A permanent portfolio

Harry Browne came up with the Permanent Portfolio in the 1980's and it is brilliant in design. The PP has 4 equal weighted components, US Stocks, Gold, Long term treasuries, and Cash. The idea is that even in the worst of economic conditions, at least one quarter of the portfolio should be doing well, and several can be doing well. It has lower drawdowns, more steady returns than investing in the broad stock market. Returns can lag the S&P, but the drawdowns are also far better. Tyler's site, www.PortfolioCharts.com highlight the Permanent Portfolio, his Golden Butterfly and many other allocation based strategies which only need annual rebalancing.

I have gravitated to the dual momentum style of investing and don't mind potentially making changes at the end of a month, I feel the benefits outweigh the drawbacks. This type of strategy may seem too fiddly for some though, which is why I introduce the DMS-4ETF strategy. Similar to the Permanent Portfolio, or the Golden Butterfly, the DMS-4ETF is a static allocation which only needs annual rebalancing.

My take on this is slightly different from the other allocation strategies mentioned, DMS-4ETF uses 4 ETF's that are a bit different, and less tested over the longer horizon.
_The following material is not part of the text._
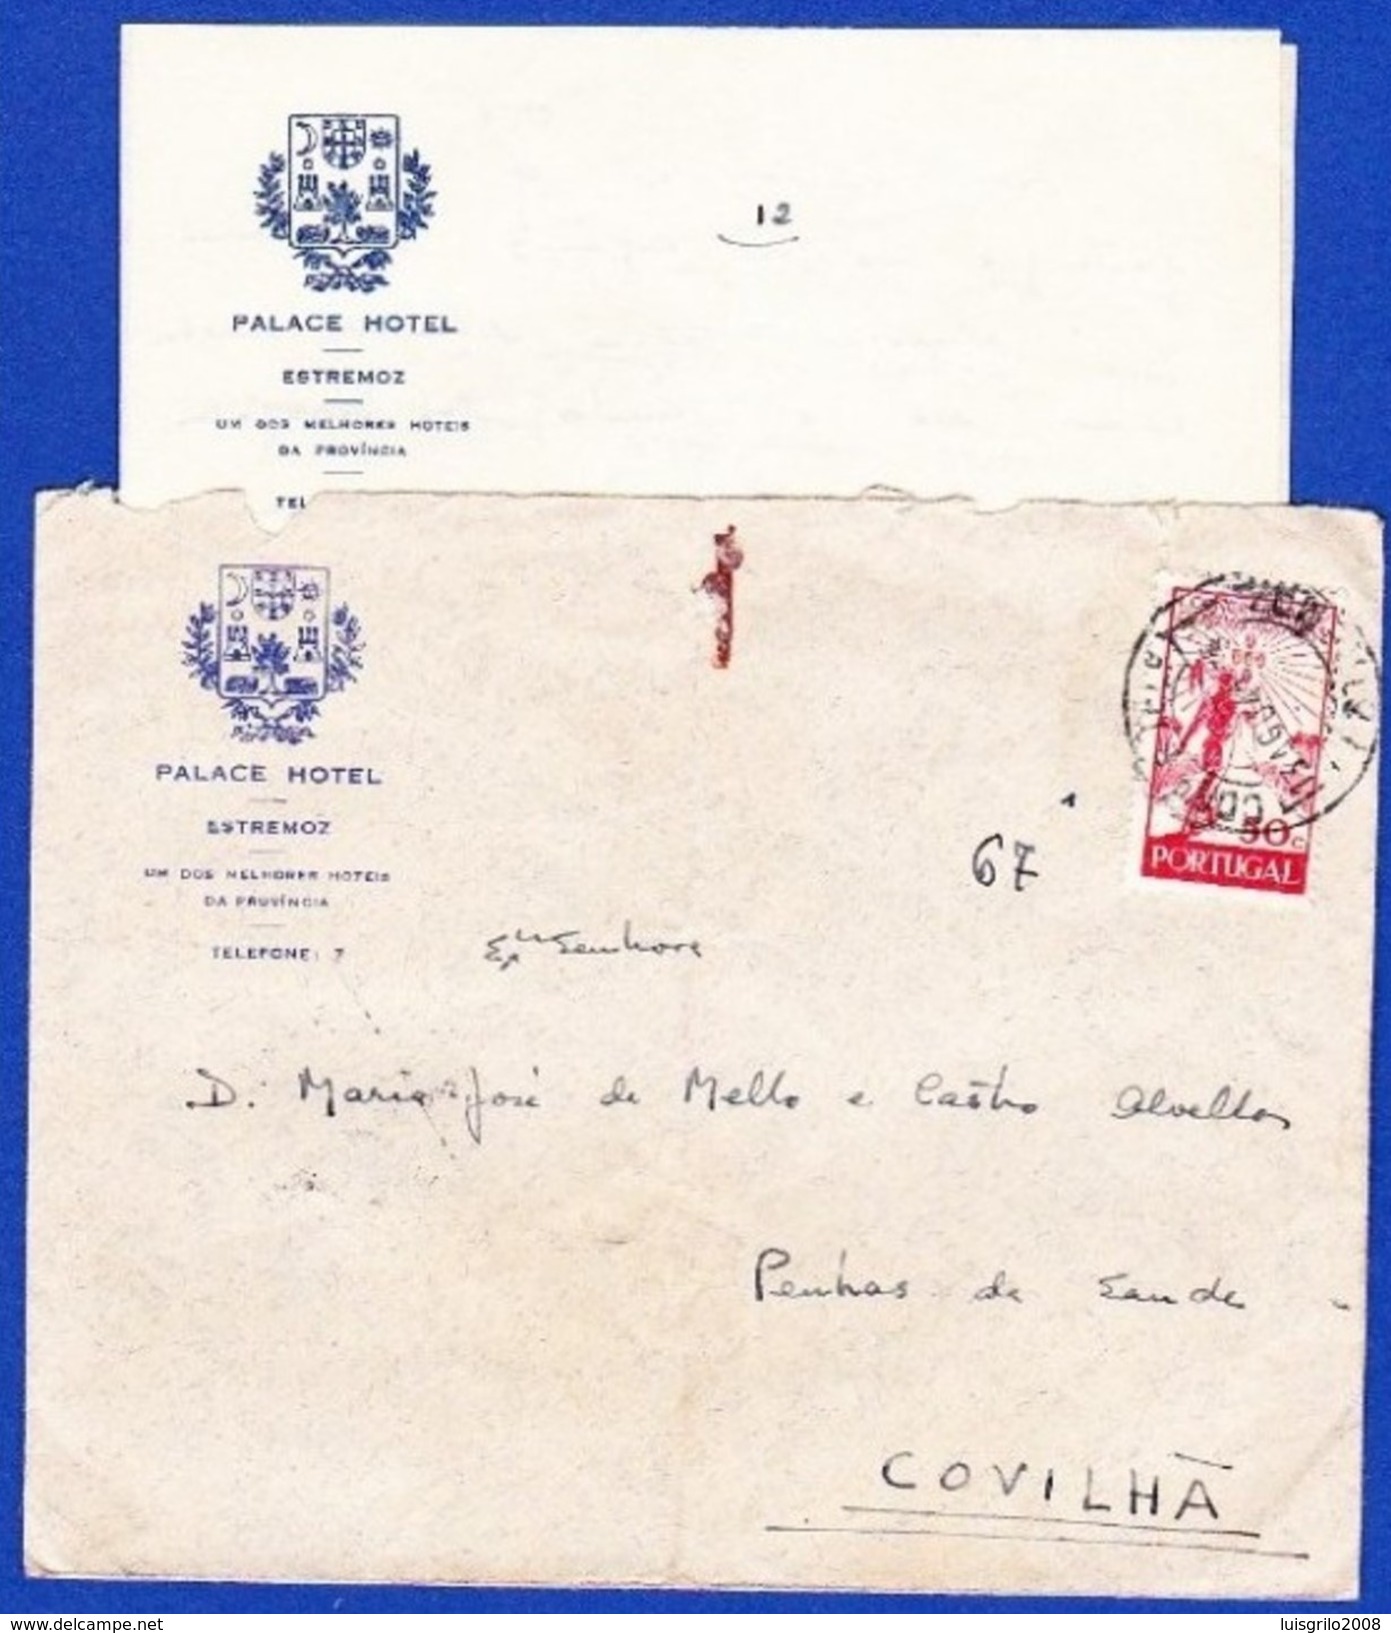 PALACE HOTEL . ESTREMOZ - Cover + Letter, Estremoz To Covilhã // Cancel - Estremoz, 13.Ago.1944 - Briefe U. Dokumente

  • ASPY is the main holding at 55%, in a nutshell, ASPY is an ETF which holds futures, similar to a dual momentum strategy which will go risk on / risk off, so does ASPY through futures, but you pay them a ~ 1% fee to manage it and it's hands off from your end. This is the newest ETF in the allocation, but it has done well since inception.
  • DBEF is an international fund which hedges to the US Dollar with a 15% allocation, this makes it less volatile than other funds like ACWX and VXUS, and DBEF has historically outperformed the non-hedged funds, this may not hold going forward.
  • SGOL is a Gold ETF with a 15% allocation.
  • DBMF is a managed futures ETF with a 15% allocation. A traditional managed futures account often would require an individual investor to commit a large sum of money to get into such a strategy, but DBMF, and other similar ETF's bring this type of investment to the masses. The managed futures account is very uncorrelated to the market, it could be completely opposite the market, somewhat similar, or at times completely correlated.

The limited time that I have to show results for this allocation is really encouraging. It is a bit nouveau in how it is using more modern and non traditional ETF's like ASPY and DBMF, and through the use of the US-hedged DBEF for international.

I am a bit unsure how to incorporate this into the monthly reporting because I cannot extend back in time and only have a short results period. I may not have something in the deck for this in the April Reporting Deck, but I'll figure out something soon.

btw - If you want true simplicity without any rebalancing at all, you could just buy ASPY, a single stock portfolio. The 4 ETF allocation I've outlined looks really intriguing to me, and seems worth the hassle of having to rebalance it once a year, but if you really want zero effort investment and to get near market returns with lower volatility, you could just buy ASPY and be done with it!